### Exercise
The stretch wanted below opens at the line containing "Samsung RF221NCTABC user" and closes at the line containing "Comprend quatre tiroirs". Please return it exactly, with no other lines.

### Entries supplied
---*---
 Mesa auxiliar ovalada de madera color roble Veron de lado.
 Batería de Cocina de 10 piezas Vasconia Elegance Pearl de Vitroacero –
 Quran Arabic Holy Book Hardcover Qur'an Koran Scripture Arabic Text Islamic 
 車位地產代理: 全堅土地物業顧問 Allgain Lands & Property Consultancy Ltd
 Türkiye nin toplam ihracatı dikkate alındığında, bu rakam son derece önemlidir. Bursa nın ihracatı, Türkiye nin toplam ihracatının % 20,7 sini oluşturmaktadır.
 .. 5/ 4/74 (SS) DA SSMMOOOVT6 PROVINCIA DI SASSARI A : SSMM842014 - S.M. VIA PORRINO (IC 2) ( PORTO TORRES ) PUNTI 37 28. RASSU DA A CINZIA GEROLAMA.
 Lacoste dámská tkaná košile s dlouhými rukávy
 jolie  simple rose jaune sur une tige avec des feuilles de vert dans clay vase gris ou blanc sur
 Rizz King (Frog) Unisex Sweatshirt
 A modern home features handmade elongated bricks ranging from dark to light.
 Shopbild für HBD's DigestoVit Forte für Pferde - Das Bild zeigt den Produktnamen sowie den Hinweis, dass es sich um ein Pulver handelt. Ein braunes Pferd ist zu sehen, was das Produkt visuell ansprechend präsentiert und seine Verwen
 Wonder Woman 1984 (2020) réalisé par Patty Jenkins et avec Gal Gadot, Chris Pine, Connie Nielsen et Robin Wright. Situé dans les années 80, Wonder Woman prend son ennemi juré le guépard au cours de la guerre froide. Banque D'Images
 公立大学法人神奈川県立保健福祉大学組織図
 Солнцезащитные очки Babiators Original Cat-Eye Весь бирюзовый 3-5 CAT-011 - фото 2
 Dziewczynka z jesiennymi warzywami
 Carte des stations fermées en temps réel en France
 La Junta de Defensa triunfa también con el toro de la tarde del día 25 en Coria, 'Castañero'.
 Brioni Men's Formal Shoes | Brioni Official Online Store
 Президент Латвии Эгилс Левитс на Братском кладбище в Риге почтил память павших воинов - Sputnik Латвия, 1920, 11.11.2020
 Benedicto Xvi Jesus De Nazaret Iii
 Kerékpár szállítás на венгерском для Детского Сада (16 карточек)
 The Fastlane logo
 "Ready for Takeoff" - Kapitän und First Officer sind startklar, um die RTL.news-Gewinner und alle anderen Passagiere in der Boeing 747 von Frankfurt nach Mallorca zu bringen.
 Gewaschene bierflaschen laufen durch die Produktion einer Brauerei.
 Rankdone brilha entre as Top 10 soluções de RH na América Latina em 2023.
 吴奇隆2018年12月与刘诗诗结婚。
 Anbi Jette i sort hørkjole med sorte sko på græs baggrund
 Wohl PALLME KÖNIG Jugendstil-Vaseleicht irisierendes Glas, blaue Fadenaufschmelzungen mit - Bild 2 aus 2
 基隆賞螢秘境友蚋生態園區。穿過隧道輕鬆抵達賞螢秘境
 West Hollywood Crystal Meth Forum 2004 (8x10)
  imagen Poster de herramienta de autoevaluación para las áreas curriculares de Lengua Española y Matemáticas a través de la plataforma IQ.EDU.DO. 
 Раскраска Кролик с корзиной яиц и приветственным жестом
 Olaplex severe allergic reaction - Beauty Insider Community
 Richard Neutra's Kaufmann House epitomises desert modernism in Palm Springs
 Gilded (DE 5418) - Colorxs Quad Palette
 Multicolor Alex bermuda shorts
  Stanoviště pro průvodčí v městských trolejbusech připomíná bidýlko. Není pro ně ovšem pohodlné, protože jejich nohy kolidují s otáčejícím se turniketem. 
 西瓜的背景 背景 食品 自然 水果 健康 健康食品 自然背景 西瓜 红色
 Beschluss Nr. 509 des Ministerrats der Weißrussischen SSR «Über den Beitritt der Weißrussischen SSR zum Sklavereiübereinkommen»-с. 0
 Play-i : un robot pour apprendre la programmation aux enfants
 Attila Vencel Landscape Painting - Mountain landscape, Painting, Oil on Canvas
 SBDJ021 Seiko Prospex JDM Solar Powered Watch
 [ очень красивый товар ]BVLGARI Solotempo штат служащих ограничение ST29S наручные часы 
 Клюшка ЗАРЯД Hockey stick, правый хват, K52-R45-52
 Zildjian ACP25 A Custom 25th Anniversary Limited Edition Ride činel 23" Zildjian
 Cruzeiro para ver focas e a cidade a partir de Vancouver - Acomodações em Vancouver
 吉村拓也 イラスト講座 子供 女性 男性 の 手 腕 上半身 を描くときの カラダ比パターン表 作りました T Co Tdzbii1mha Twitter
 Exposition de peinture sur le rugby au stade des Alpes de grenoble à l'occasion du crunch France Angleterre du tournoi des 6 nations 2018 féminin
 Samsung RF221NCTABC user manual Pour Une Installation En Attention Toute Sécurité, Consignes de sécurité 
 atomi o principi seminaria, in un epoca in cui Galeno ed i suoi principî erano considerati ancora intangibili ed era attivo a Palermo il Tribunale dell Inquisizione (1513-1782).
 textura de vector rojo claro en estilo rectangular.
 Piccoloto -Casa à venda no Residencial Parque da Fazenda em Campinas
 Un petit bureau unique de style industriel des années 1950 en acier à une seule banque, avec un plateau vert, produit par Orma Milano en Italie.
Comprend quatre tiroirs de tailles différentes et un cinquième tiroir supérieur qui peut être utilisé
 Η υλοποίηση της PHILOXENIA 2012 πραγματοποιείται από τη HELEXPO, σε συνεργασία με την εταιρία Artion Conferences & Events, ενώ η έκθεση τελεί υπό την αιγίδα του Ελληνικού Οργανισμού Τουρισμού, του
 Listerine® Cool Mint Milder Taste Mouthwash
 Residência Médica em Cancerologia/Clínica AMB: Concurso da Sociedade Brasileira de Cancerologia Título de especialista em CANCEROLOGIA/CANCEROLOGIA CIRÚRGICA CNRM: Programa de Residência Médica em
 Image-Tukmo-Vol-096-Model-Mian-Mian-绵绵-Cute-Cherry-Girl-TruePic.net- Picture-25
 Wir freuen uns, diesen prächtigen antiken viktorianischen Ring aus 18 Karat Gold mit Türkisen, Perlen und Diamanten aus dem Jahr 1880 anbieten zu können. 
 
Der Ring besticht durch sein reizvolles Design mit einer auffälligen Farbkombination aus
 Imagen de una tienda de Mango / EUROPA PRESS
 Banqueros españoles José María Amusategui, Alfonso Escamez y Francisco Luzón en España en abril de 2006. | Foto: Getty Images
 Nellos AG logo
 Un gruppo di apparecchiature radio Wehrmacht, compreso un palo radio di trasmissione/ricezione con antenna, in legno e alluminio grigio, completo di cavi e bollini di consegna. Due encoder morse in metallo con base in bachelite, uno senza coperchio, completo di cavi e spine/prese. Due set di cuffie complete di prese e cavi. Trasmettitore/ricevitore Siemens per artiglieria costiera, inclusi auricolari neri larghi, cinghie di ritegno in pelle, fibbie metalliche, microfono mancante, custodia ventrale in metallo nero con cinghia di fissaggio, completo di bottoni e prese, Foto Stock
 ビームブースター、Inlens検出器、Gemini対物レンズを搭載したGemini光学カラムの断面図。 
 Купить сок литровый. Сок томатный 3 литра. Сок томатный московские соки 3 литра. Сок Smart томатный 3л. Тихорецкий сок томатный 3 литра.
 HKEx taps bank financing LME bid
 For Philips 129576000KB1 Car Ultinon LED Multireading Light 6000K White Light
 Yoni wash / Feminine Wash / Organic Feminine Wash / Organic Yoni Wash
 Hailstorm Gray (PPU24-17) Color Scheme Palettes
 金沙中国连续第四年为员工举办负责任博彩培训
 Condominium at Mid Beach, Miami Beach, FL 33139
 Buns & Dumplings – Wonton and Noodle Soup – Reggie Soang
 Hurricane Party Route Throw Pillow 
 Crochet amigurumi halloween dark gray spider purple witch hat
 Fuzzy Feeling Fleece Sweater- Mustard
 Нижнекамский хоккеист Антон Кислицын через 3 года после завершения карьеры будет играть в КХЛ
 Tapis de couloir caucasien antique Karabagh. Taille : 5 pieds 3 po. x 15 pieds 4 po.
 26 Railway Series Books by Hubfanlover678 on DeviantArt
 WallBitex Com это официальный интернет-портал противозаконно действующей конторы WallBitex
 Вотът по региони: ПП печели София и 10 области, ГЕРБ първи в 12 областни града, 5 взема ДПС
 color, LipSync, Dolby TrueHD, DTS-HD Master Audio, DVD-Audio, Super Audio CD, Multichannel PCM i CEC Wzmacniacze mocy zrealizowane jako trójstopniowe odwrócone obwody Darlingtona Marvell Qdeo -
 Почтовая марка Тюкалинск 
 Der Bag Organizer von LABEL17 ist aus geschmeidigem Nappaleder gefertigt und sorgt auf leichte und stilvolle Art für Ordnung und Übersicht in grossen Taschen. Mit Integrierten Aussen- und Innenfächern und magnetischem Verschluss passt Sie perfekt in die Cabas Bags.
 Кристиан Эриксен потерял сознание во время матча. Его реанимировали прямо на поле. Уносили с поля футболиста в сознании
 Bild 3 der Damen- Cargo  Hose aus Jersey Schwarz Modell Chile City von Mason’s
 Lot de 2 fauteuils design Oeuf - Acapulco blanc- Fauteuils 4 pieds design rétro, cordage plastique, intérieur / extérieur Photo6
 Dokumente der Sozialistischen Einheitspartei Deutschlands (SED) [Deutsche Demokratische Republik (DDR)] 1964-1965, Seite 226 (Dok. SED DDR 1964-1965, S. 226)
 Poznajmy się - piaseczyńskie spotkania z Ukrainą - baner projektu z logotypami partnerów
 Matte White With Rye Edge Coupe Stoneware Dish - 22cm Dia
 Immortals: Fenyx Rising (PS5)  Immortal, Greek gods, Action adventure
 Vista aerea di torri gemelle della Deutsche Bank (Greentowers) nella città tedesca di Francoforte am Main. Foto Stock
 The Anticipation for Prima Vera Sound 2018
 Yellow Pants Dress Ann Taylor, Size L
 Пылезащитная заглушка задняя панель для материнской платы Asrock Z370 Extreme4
---*---
### Task solution
 Samsung RF221NCTABC user manual Pour Une Installation En Attention Toute Sécurité, Consignes de sécurité 
 atomi o principi seminaria, in un epoca in cui Galeno ed i suoi principî erano considerati ancora intangibili ed era attivo a Palermo il Tribunale dell Inquisizione (1513-1782).
 textura de vector rojo claro en estilo rectangular.
 Piccoloto -Casa à venda no Residencial Parque da Fazenda em Campinas
 Un petit bureau unique de style industriel des années 1950 en acier à une seule banque, avec un plateau vert, produit par Orma Milano en Italie.
Comprend quatre tiroirs de tailles différentes et un cinquième tiroir supérieur qui peut être utilisé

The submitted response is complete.